*EXERCISE INPUT:*
┄┄┄┄┄┄┄┄┄┄
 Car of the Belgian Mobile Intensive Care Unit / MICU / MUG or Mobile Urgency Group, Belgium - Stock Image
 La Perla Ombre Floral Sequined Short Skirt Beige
┄┄┄┄┄┄┄┄┄┄
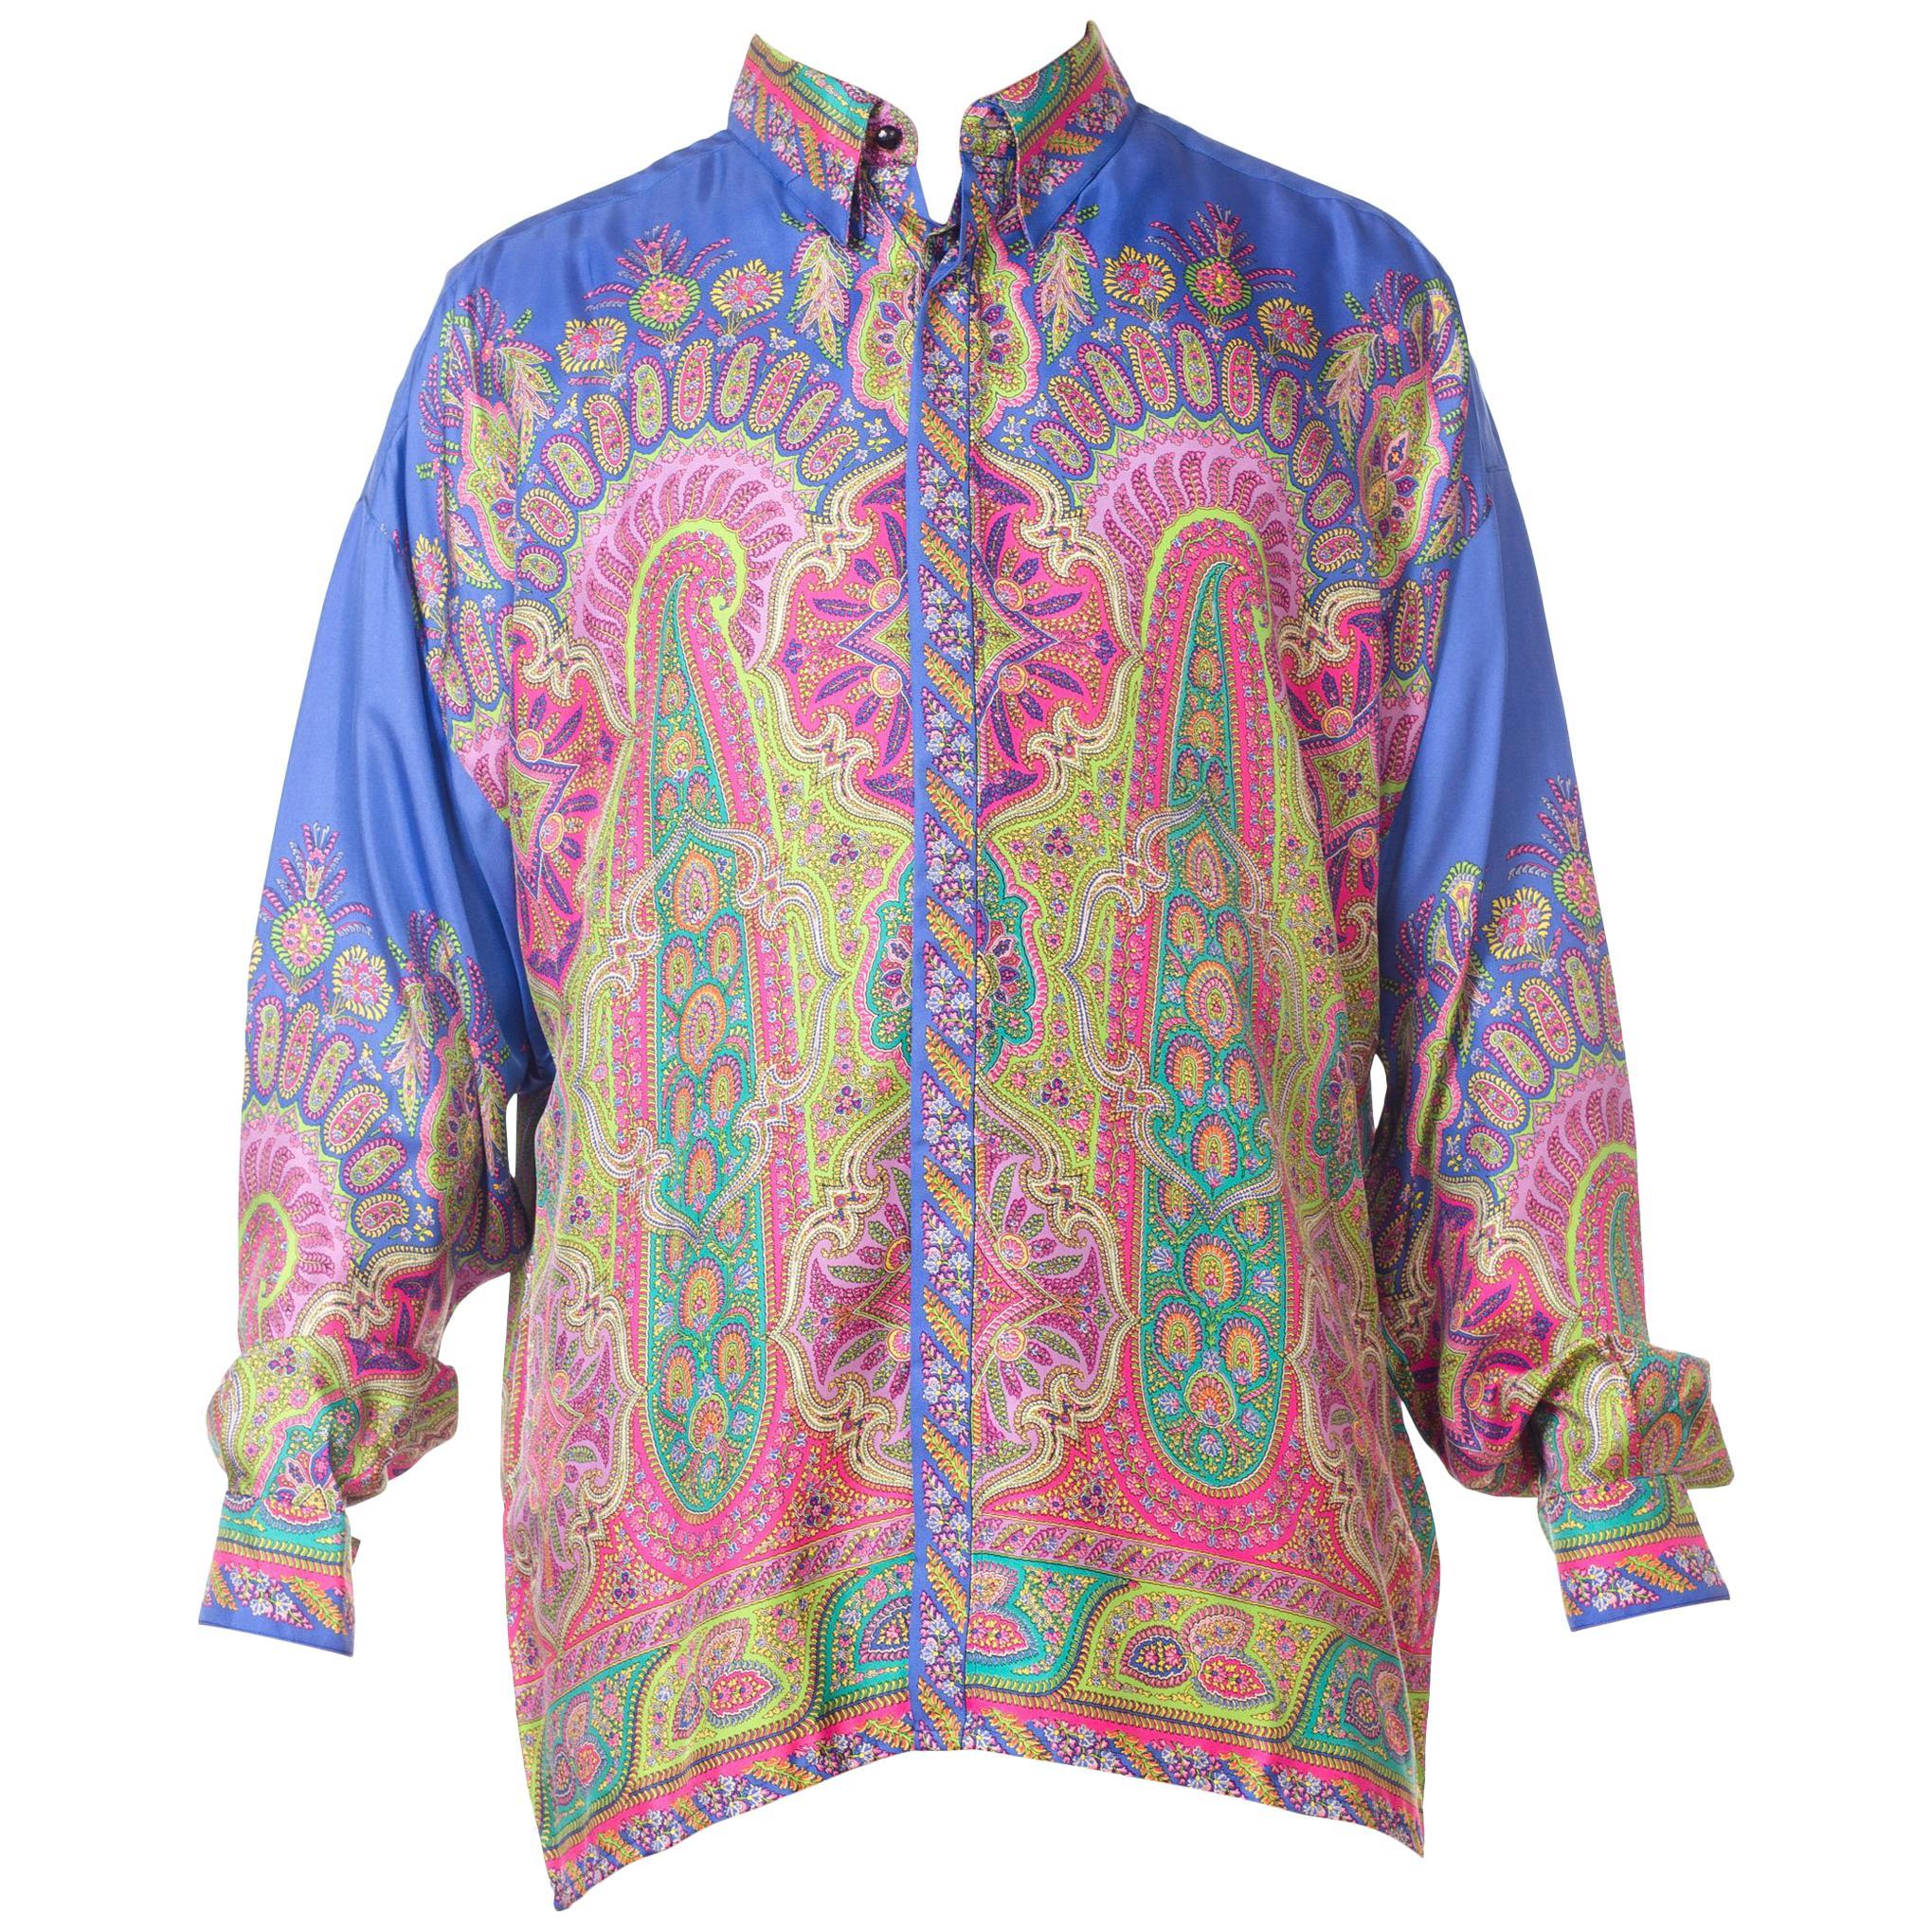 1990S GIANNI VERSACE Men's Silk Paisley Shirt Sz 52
┄┄┄┄┄┄┄┄┄┄
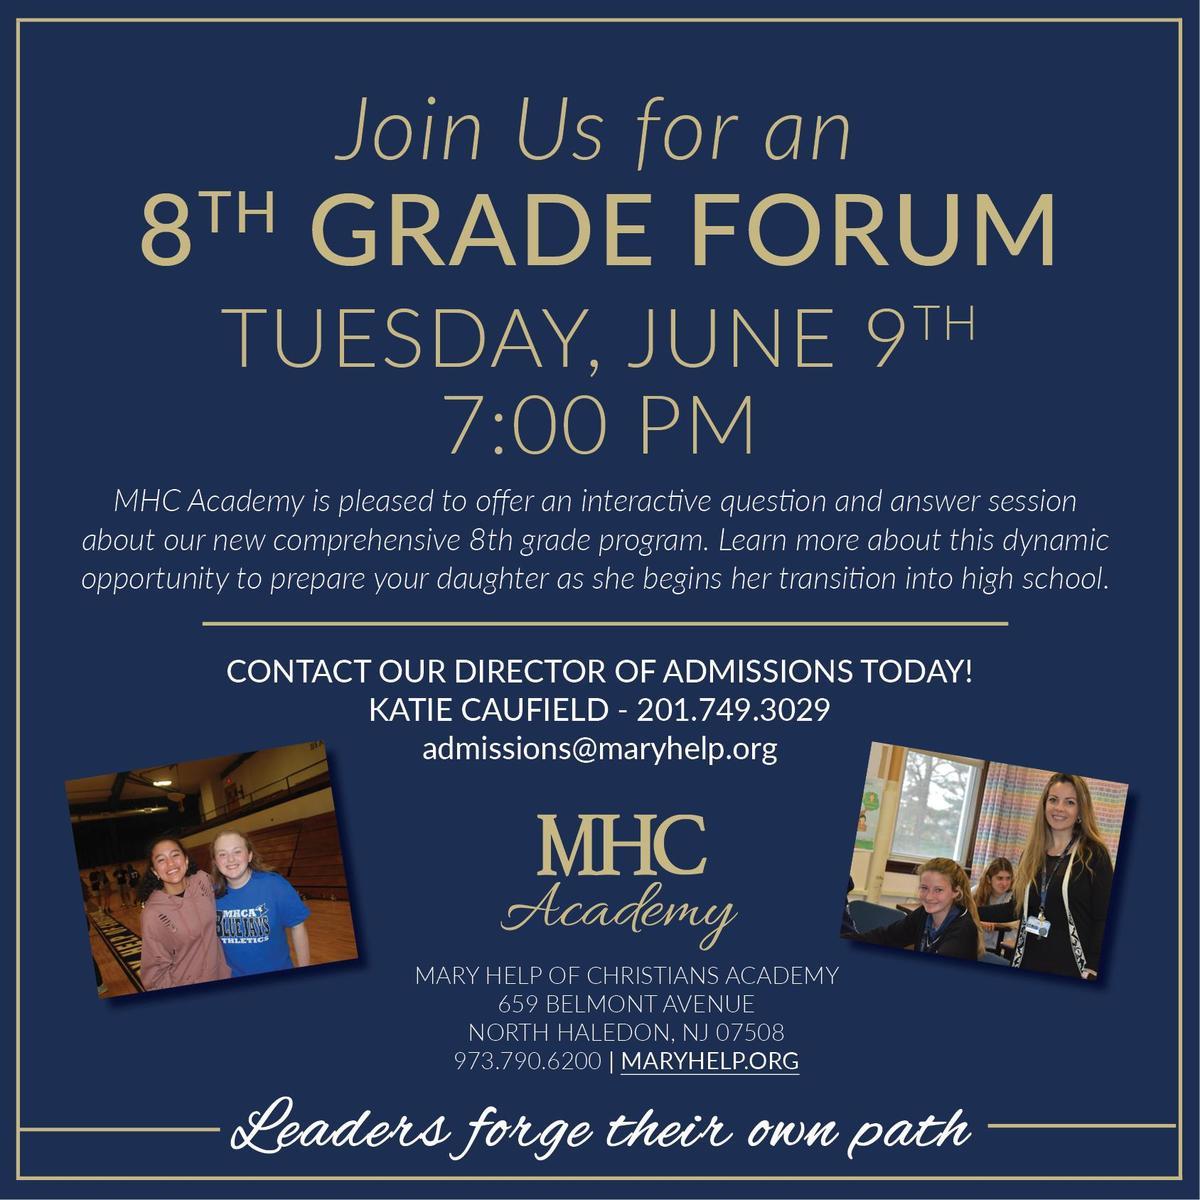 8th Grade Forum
┄┄┄┄┄┄┄┄┄┄
*AIM OF THE EXERCISE:* Using the material above, transcribe exactly the lines from the line with "Car of the Belgian" to the line with "La Perla Ombre"; both count, and nothing else goes in.

*ANSWER TO THIS PROBLEM:*
 Car of the Belgian Mobile Intensive Care Unit / MICU / MUG or Mobile Urgency Group, Belgium - Stock Image
 La Perla Ombre Floral Sequined Short Skirt Beige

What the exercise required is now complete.